D’autres récits évoquent la police qui tire sur la foule dès qu’elle aperçoit un drapeau rouge. « C’était le souvenir de 93 qu’on faisait revivre aux yeux de la bourgeoisie. L’indignation fut grande, surtout chez les républicains, dont cette apparition effrayante tendait à calomnier les doctrines », précise Louis Blanc. Il décrit également un homme en noir qui brandit le drapeau. Cet homme s’apparente à un symbole plutôt qu’à un individu, comme un cavalier de l’apocalypse qui brandit le spectre de la lutte des classes. Dumas évoque un homme vêtu de noir, grand, mince, pale, qui brandit un drapeau rouge sang. Cet inconnu reste mystérieux. Le procès des insurgés estime que des anarchistes se sont mêlés au cortège.

Dumas décrit des insurgés fiers de mourir sur les barricades. Ils brandissent des drapeaux rouges et crient « Vive la liberté ». La scène décrite par le romancier semble presque théâtrale. Les insurgés semblent adopter le même panache et le même sens du sacrifice que les mousquetaires. Hugo décrit également les drapeaux rouges qui flottent sur les barricades. « Le drapeau est la première victime de l’assaut de l’armée. C’est sur lui que se concentre le feu de la toute première décharge qu’on tire sur la barricade, comme si de l’abattre devait assumer une précieuse valeur de présage », indique Vittorio Frigerio. Mais chez Hugo, contrairement au récit de Dumas, les insurgés ne sont pas prêts à se sacrifier pour un symbole. Le contexte historique évolue et le drapeau rouge passe de la honte à la dignité.

 

Dumas s’enthousiasme pour l’insurrection de 1832. Les « Trois glorieuses » apparaissent comme une révolution romantique qui prépare le terrain à la révolution politique. Mais Dumas adopte progressivement une posture plus modérée qui s’éloigne du républicanisme révolutionnaire. Il s’oppose même à l’insurrection de 1848. Il fustige les mouvances socialistes au cours de sa campagne électorale dans l’Yonne. Il dénonce notamment Proudhon et sa critique de la propriété.

Dans le roman de Blouet, au contraire, l’insurrection de 1832 s’inscrit dans le même fil historique qui se poursuit par la révolution de 1848. Ce roman met en scène une société secrète qui s’inspire de la charbonnerie italienne, protagoniste des révolutions napolitaines. Néanmoins, le roman souligne que les sociétés ouvrières françaises apparaissent comme une organisation nouvelle, plus efficace et plus sérieuse que la charbonnerie qui les a précédées.

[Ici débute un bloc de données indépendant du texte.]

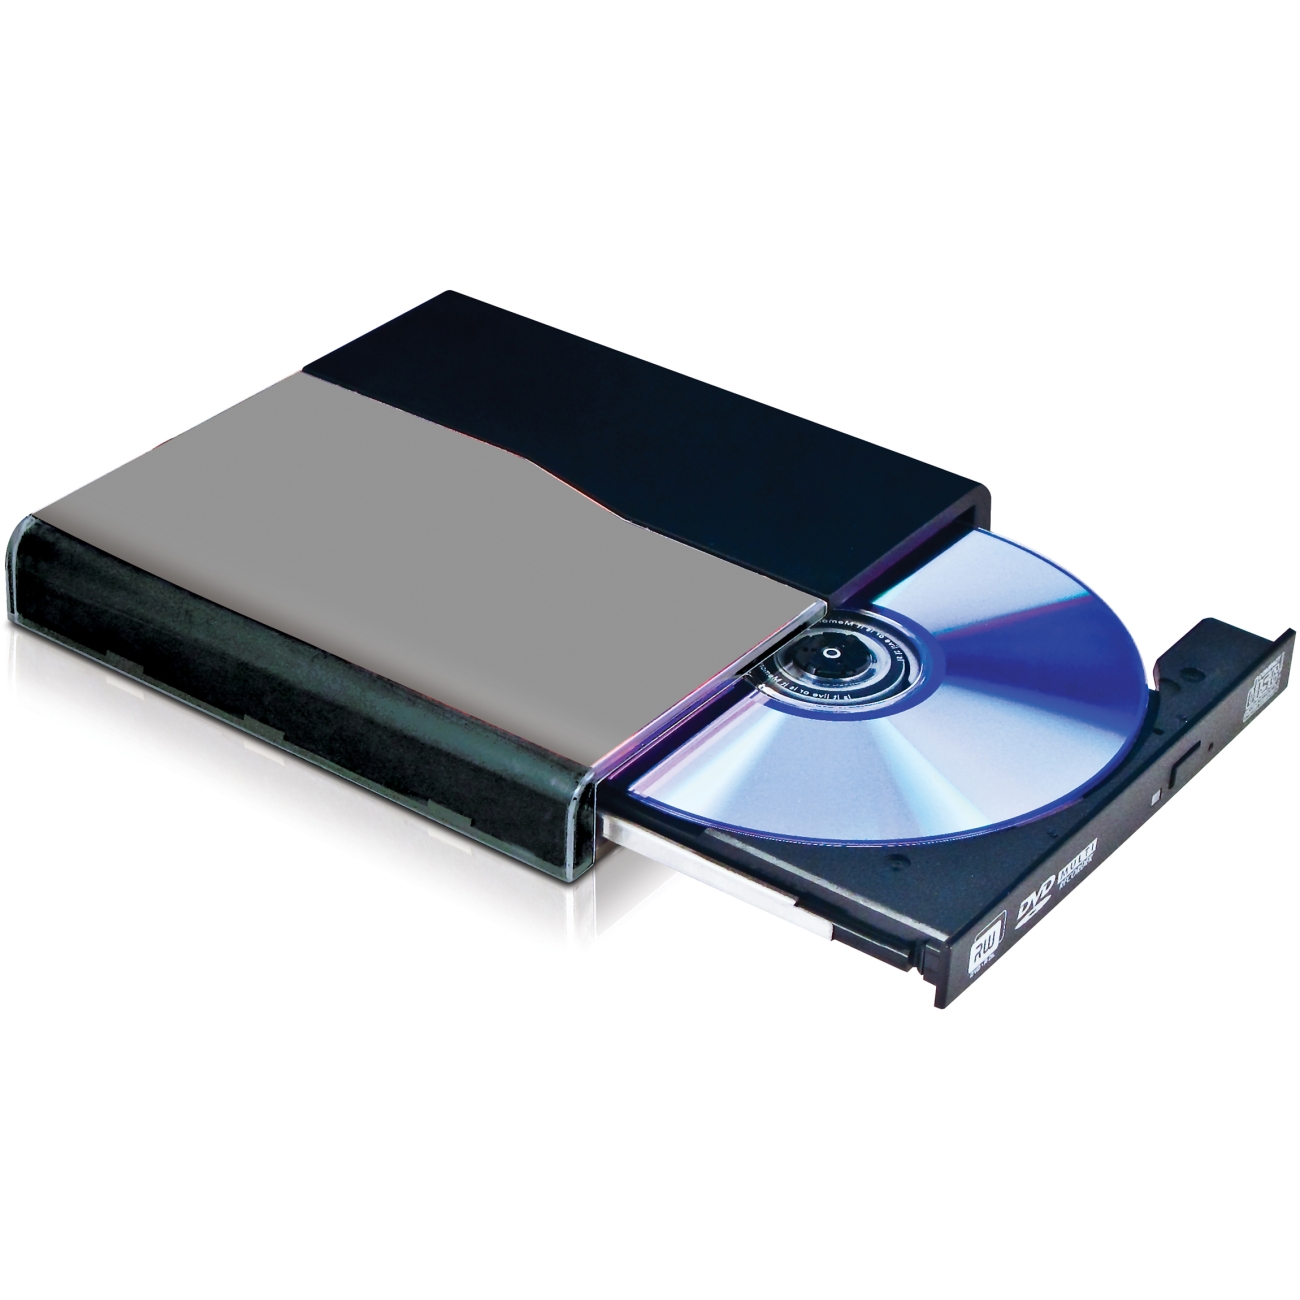 I/O MAGIC Model IDVD8PB2 Black DVD RW Slim External Drives

Surtout, cette société secrète s’inscrit dans un imaginaire romanesque. « Le traitement de l’histoire de la société secrète offert par le roman montre aussi la frontière poreuse entre fiction et réalité, et le besoin que ressent l’auteur de concilier dans son ouvrage des descriptions réalistes, porteuses de leçons pratiques, avec les attentes de lecteurs que l’on présume habitués à des représentations romanesques forcément typées », précise Vittorio Frigerio.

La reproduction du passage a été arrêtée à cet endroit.